We observe that the raster is in the correct coordinate system, so we don’t need to worry about any projection here. If, however, the raster were in the wrong coordinate system, we would use the function projectRaster
from the raster
package.
FinlandRaster@crs
## CRS arguments:
## +proj=tmerc +lat_0=0 +lon_0=27 +k=1 +x_0=3500000 +y_0=0
## +ellps=intl +units=m +no_defs
We crop the raster according to Niki’s trajectory.

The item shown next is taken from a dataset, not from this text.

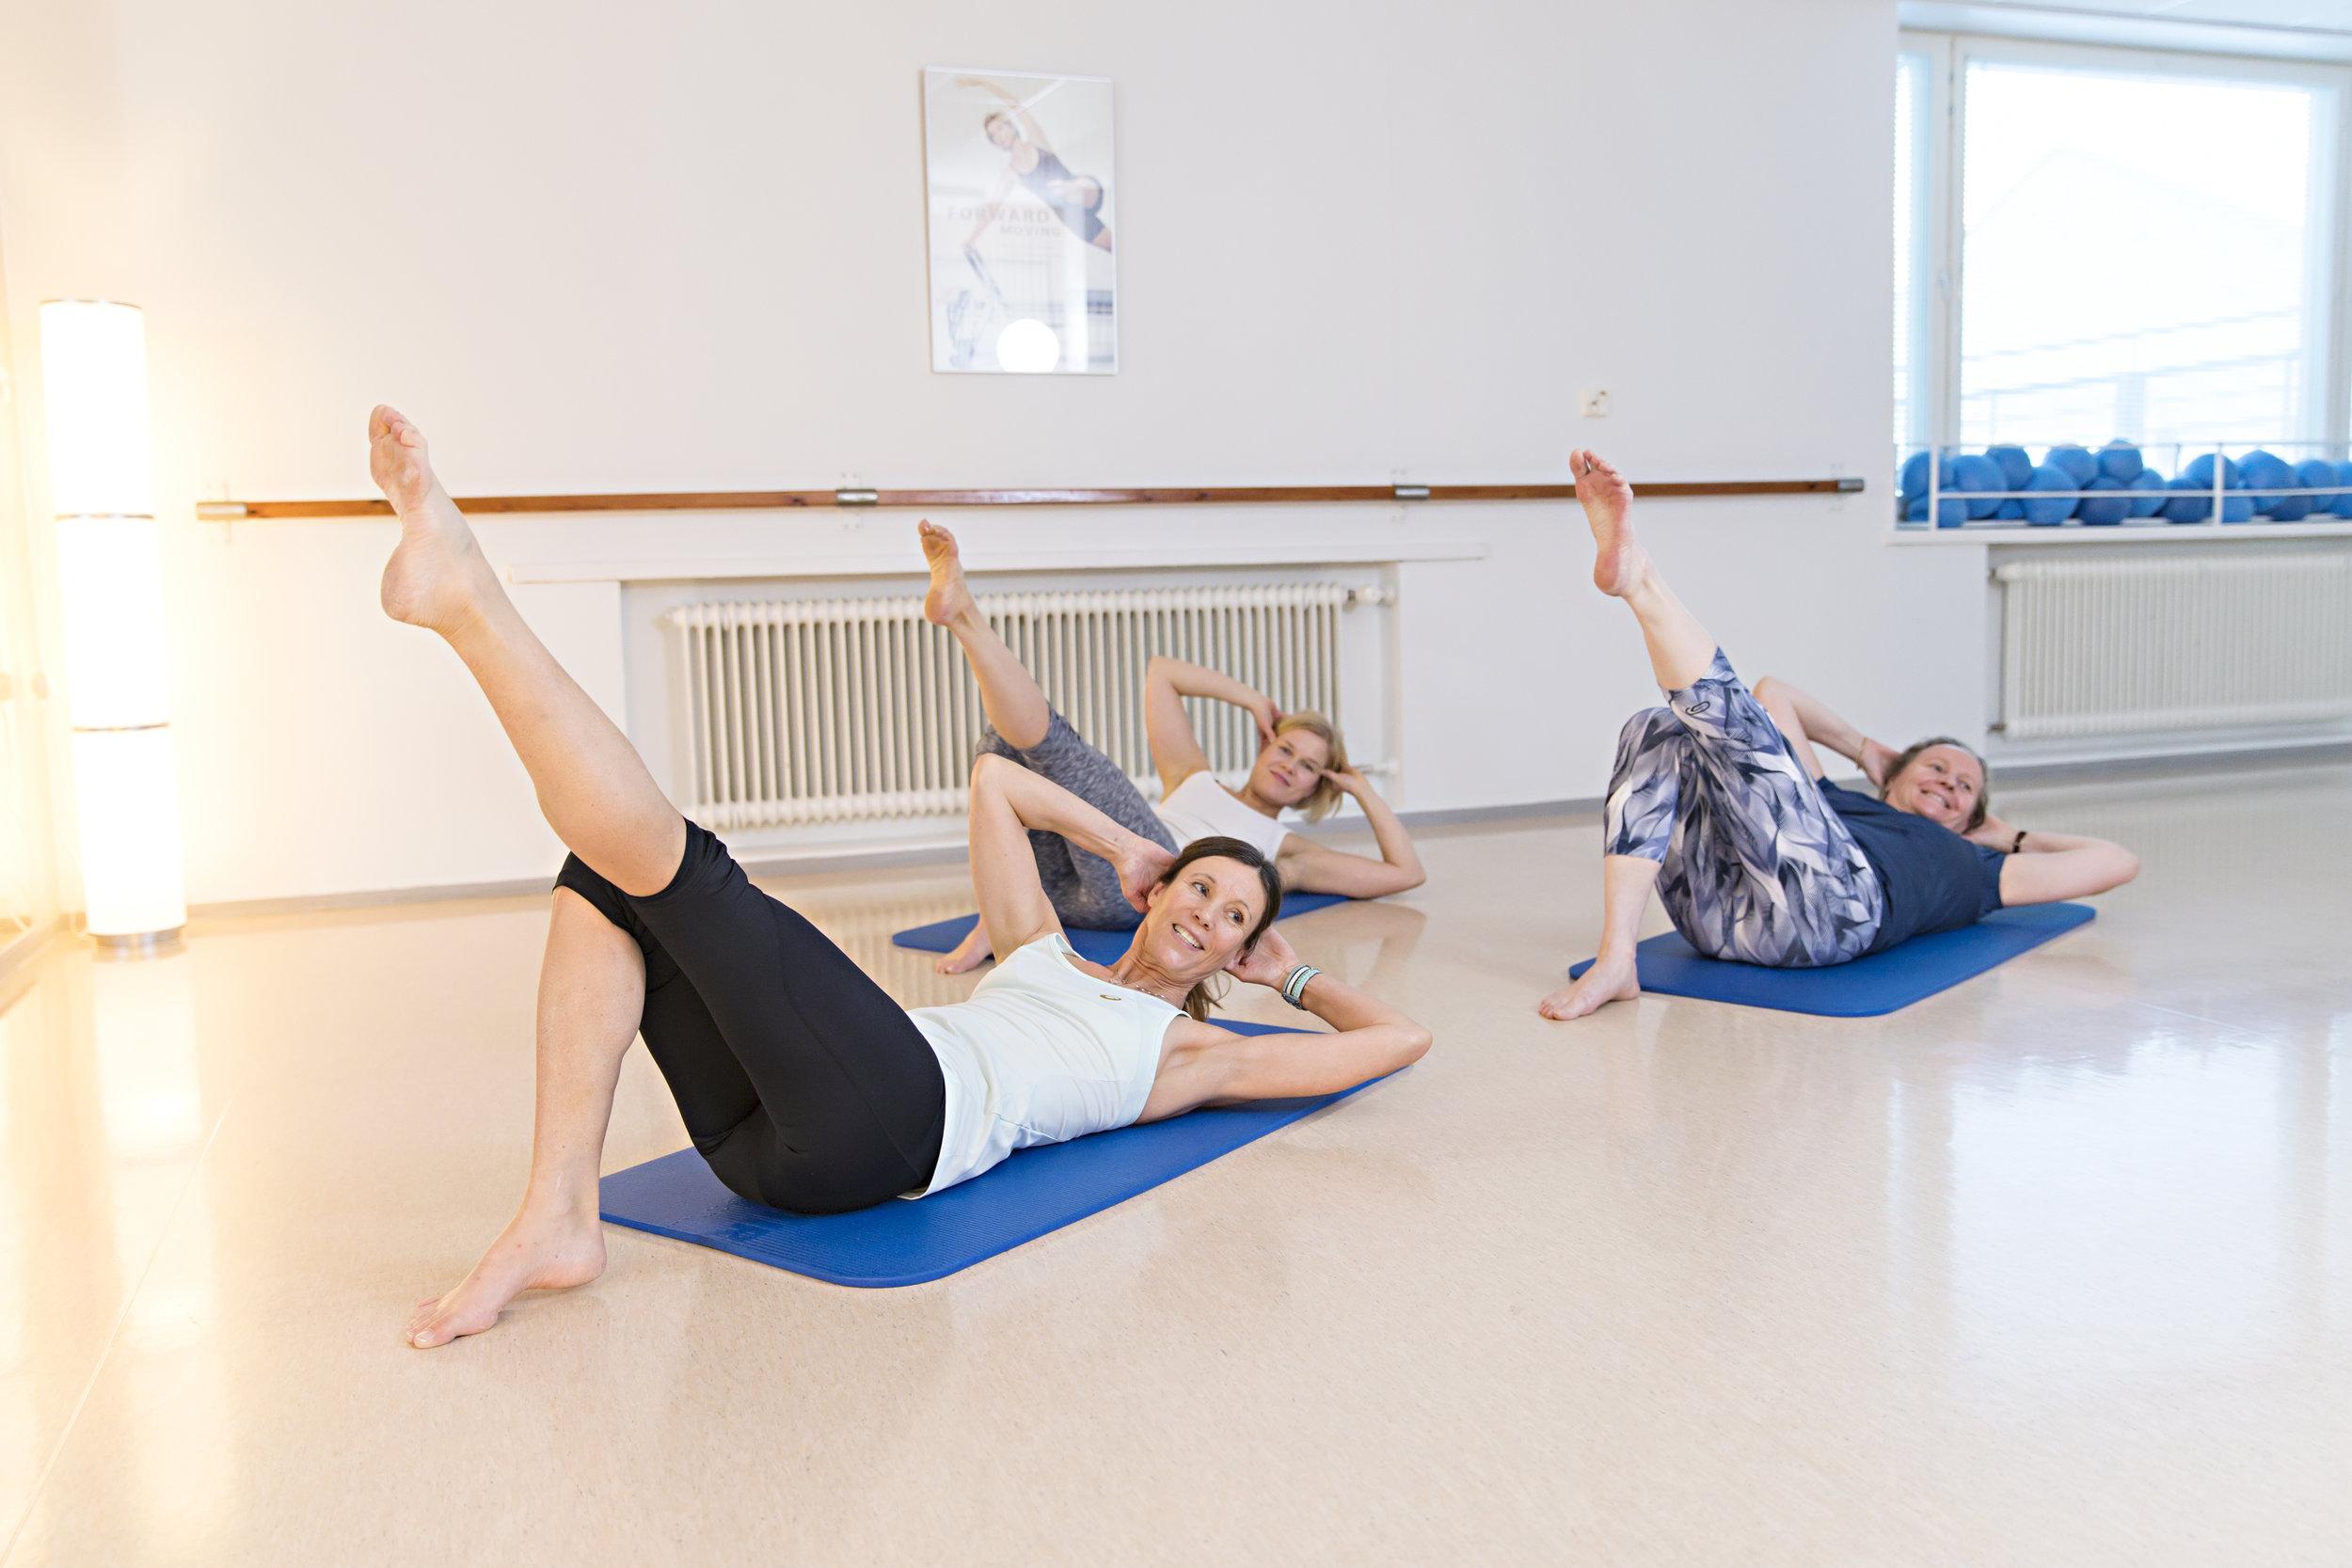 PilatesStudio_Sali6 -® Jiri Halttunen (1).jpg

To do so, we use the function crop
from the package raster
.
bitOfFinland <- crop(FinlandRaster, extent(nikiSpatial))
plot(bitOfFinland)
points(nikiSpatial, col = "black", pch = 19, cex = 0.5)
To extract the habitat type at each observed location, we use the function extract
from the raster
package. Note that we could extract habitat types by carefully indexing the raster object, but that would be much more difficult.

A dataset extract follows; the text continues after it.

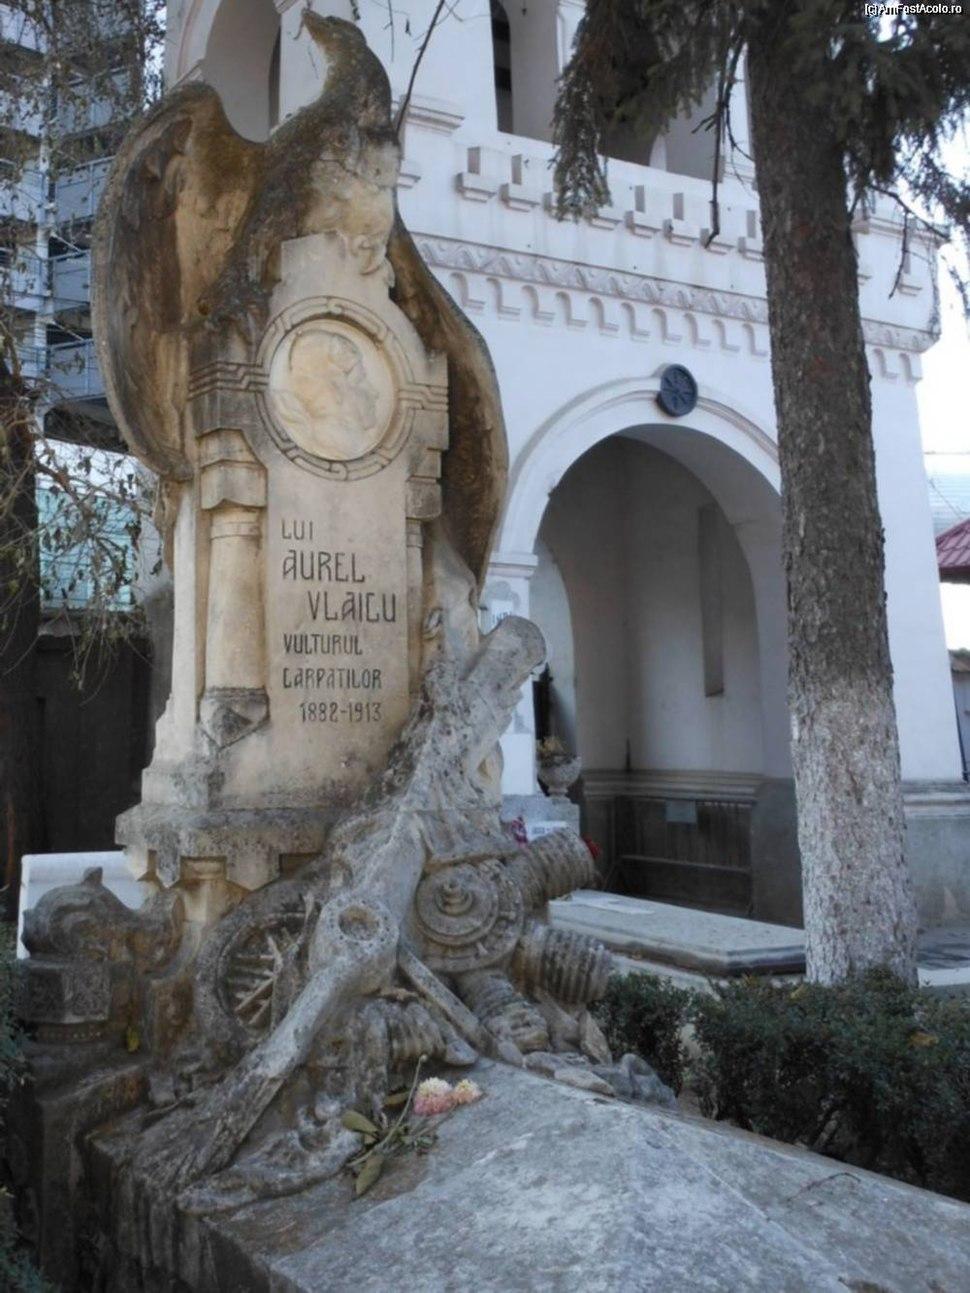 Aurel Vlaicu tombstone

habTypes <- extract(bitOfFinland, niki[c("X","Y")])
table(habTypes)
## habTypes
## 2 4 7 14 15 17 20 21 23 24 25 28 29 30 33
## 2 7 5 1 2 13 1404 1443 380 340 1 47 363 431 3
## 38 43
## 391 23
Niki seems to have spent a lot of time in agricultural zones (the pale yellow in the raster), and very little time in water and human-modified areas (blue and red in the raster, respectively).
To compute the distance from each point to the closest house pixel, we first need to determine the coordinates of each house pixel. We change all raster values ranging from 1-3 (i.e., those corresponding to houses) to TRUE
, and we change all others to FALSE
. We obtain the indeces of the TRUE
cells using the raster
function Which
. Finally, we obtain the actual coordinates of the TRUE
cells using the raster
function xyFromCell
. This process leaves us with the coordinates of the houses. In the plot, wolf locations are black and houses are red.

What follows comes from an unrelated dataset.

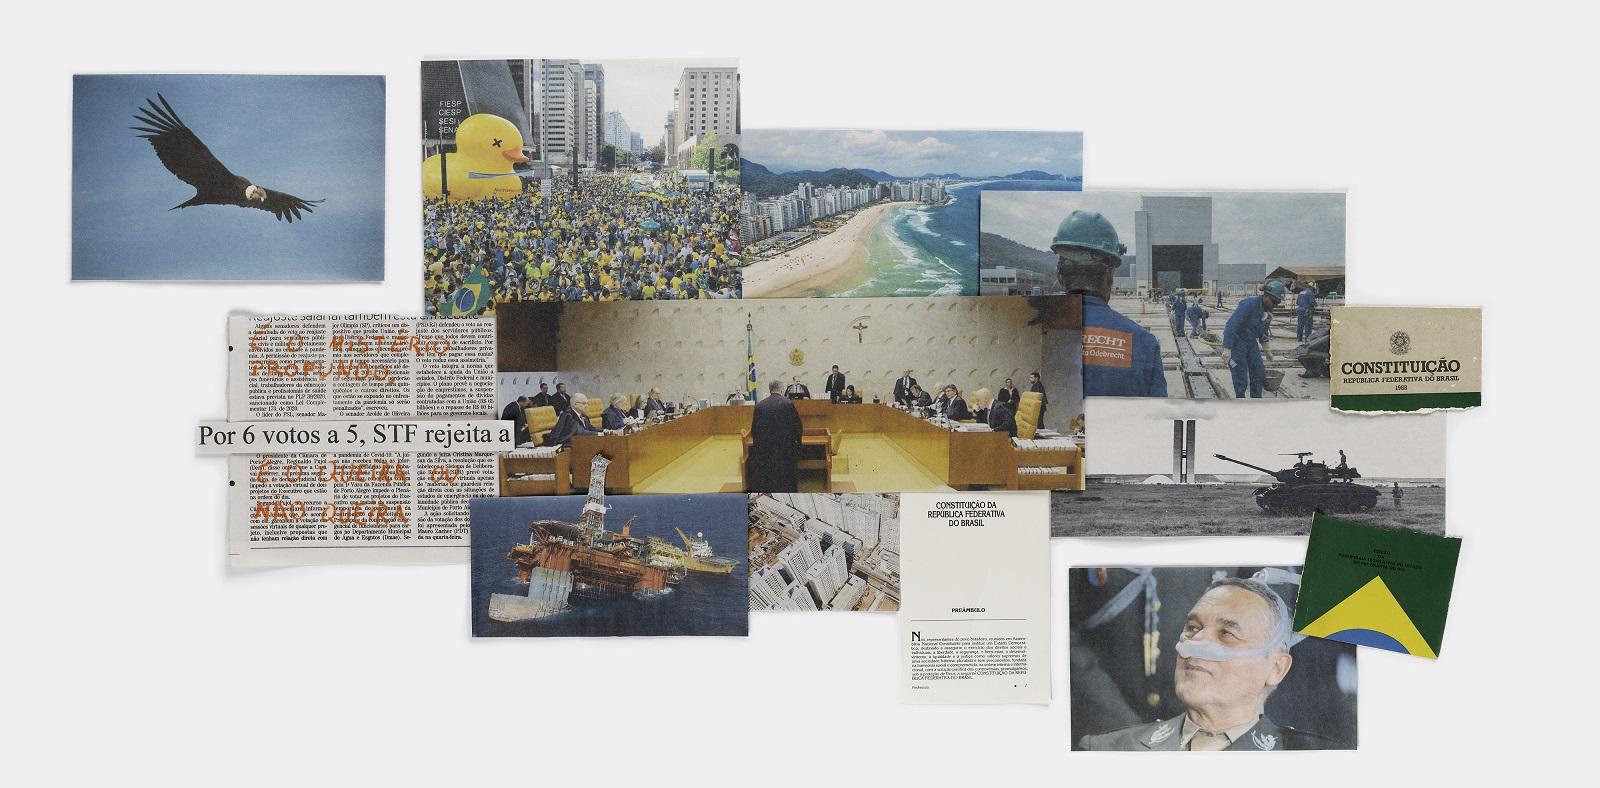 """Gustavo Balbela: Curitiba, PR, Brasil, 2021 (A címek fordítása balról jobbra haladva a következőket mondja: """"6 szavazattal 5 ellenében, a Legfelsőbb Bíróság elutasítja az Alkotmányt"""")   (The translation of the headlines from left to right says © Gustavo Balbela"""

bitOfFinland[bitOfFinland %in% 1:3] <- TRUE
bitOfFinland[bitOfFinland >= 4] <- FALSE
idx <- Which(bitOfFinland, cells = TRUE)
keyXY <- xyFromCell(bitOfFinland, idx, spatial = TRUE)
plot(nikiSpatial, pch = 19, cex = 0.1, col = "black")
plot(keyXY, pch = 19, cex = 0.1, col = "red", add = T)
We compute the distance between each observation and the closest house using a small chunk of code written by Elie. Converting coordinates into complex numbers is a useful trick for working with 2-dimensional spatial data.
z.wolf <- nikiSpatial@coords[,1] + 1i*nikiSpatial@coords[,2]
z.houses <- keyXY@coords[,1] + 1i * keyXY@coords[,2]
getMinDistance <- function(x,y) {
min(Mod(x-y))
}
ds <- sapply(z.wolf, getMinDistance, y = z.houses)
names(ds) = NULL
head(ds)
## [1] 1610.666 1537.986 2040.159 2074.295 2159.306 2159.044
Originally, I wasted a lot of time attempting to re-invent the wheel by writing many spatial functions on my own. This was time consuming, and my code was often inefficient or simply incorrect. Fortunately, R has a rich ecosystem of spatial functions, methods, and packages. Now, when I need a certain spatial function, I poke around the spatial packages before attempting to write something myself. Typically, I’m able to find a highly optimized function that works quite well.
Here are some additional functions that I find useful.
spsample
from sp
: randomly sample some number of points from a spatial polygon; useful for generating null sets of absences.
rasterToPolygons
from raster
: create a polygon from a raster object; useful for generating polygons that bound various raster features.
%dopar%
from foreach
and doParallel
: perform computations in parallel; useful for completing multiple time-intensive spatial tasks simultaneously, such as loading multiple shape files at once.